In the late 1870s, having entered the world of the Parisian bourgeoisie and aristocracy, Munkácsy began to paint striking still lifes as well as salon genre scenes featuring luxurious interiors and ladies of society, in the wake of similar works by the extremely successful artists Mariano Fortuny and Alfred Stevens. Salon genre scenes were popular and fashionable in this period and depicted typical social events among the well-to-do.
Munkácsy's salon paintings were highly marketable at this time. For these compositions, he made use of the interiors and visual world of his own mansion. By this time, the artist's lavishly furnished home had become a representative space: the weekly opened Munkácsy salon was a venue for soirées, receptions, and musical and dramatic performances, although it also provided a setting for the artist to introduce his latest works to a selected audience.

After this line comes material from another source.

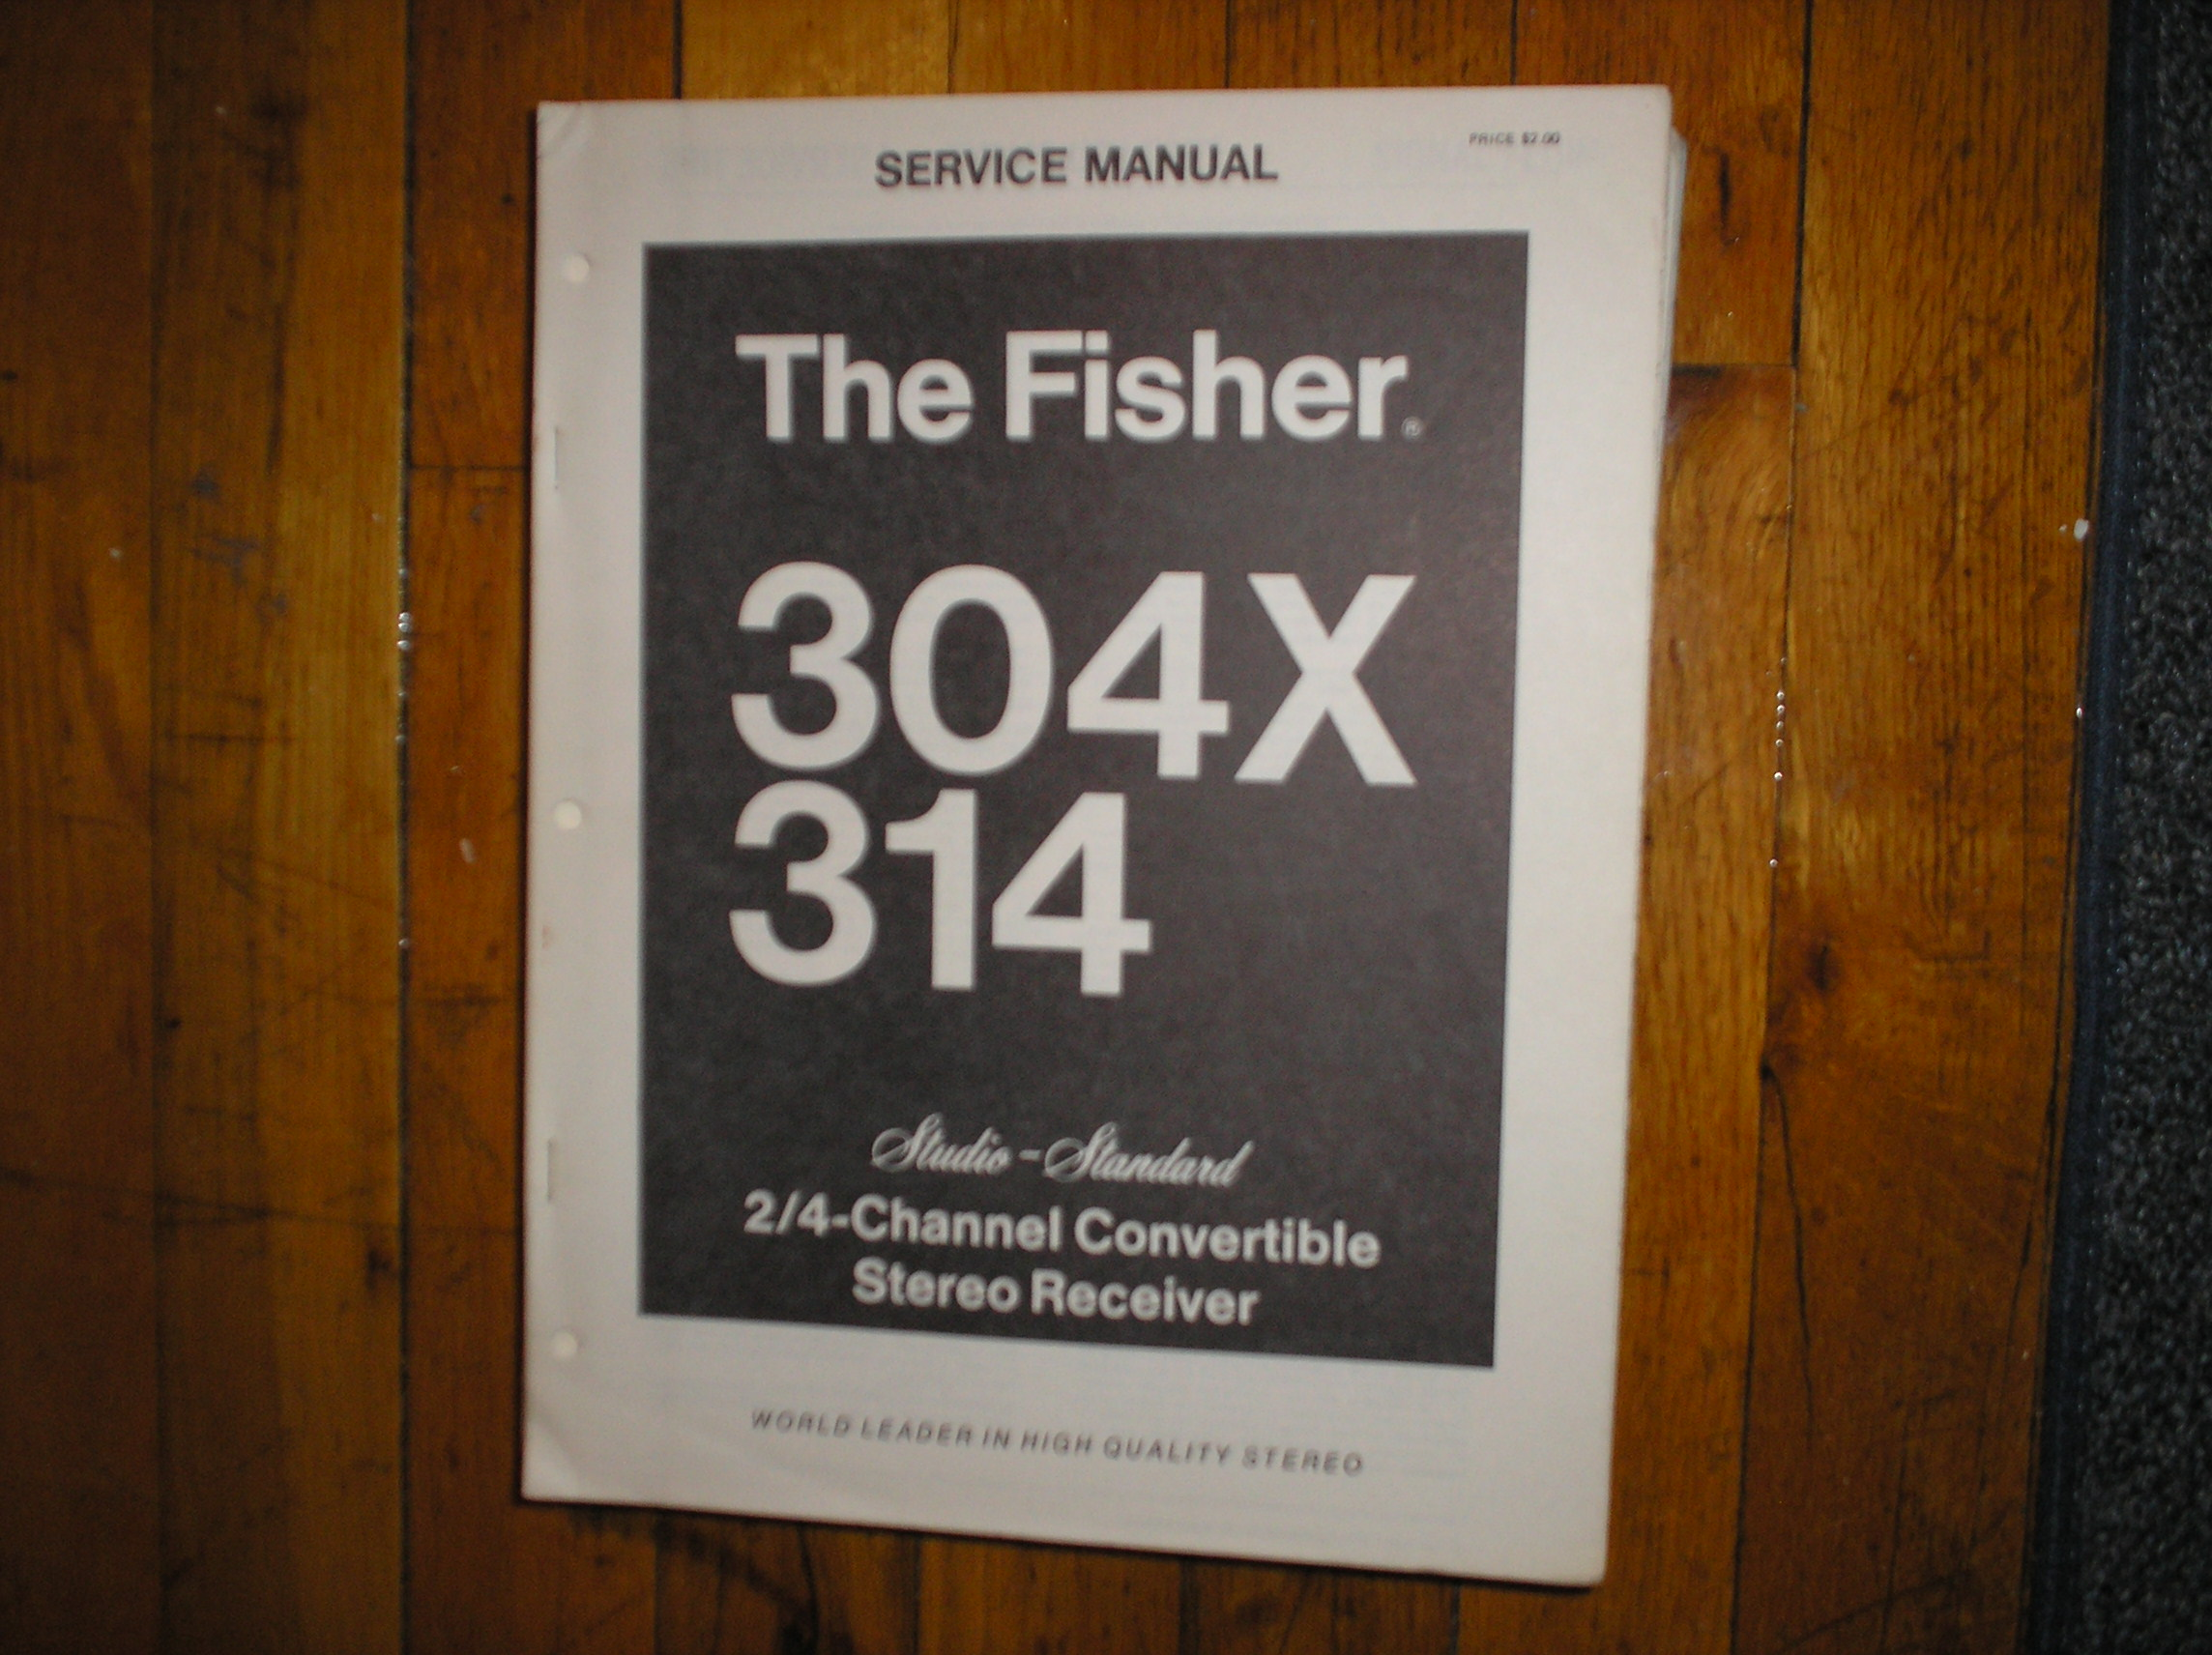 304X 314 Receiver Service Manual

His salon paintings offered a glimpse into an exclusive milieu: the artist's admirers and collectors enjoyed seeing his charming soirées committed to canvas and were delighted to take such works home with them - a kind of unique souvenir of the opulent world to which it was an honour even to be invited. This explains the enduring popularity of the salon paintings, as the simultaneous representation of both intimacy and worldliness.
Depictions of reverie, featuring women or children dreaming, pensive, half-asleep, or slumbering, form a separate group among the intimate bourgeois genre paintings that were so fashionable in this period. Munkácsy, too, had a predilection for this theme, as did his French contemporary, James Tissot, who likewise became famous for works depicting the everyday lives of the French elite.
Munkácsy produced his salon paintings at the insistence of the art dealer Charles Sedelmeyer, a man with a remarkable flair for marketing, and – like the Christ paintings - they contributed to the construction of the Munkácsy brand. Most ended up overseas, acquired for famous private collections in America, many of them in New York.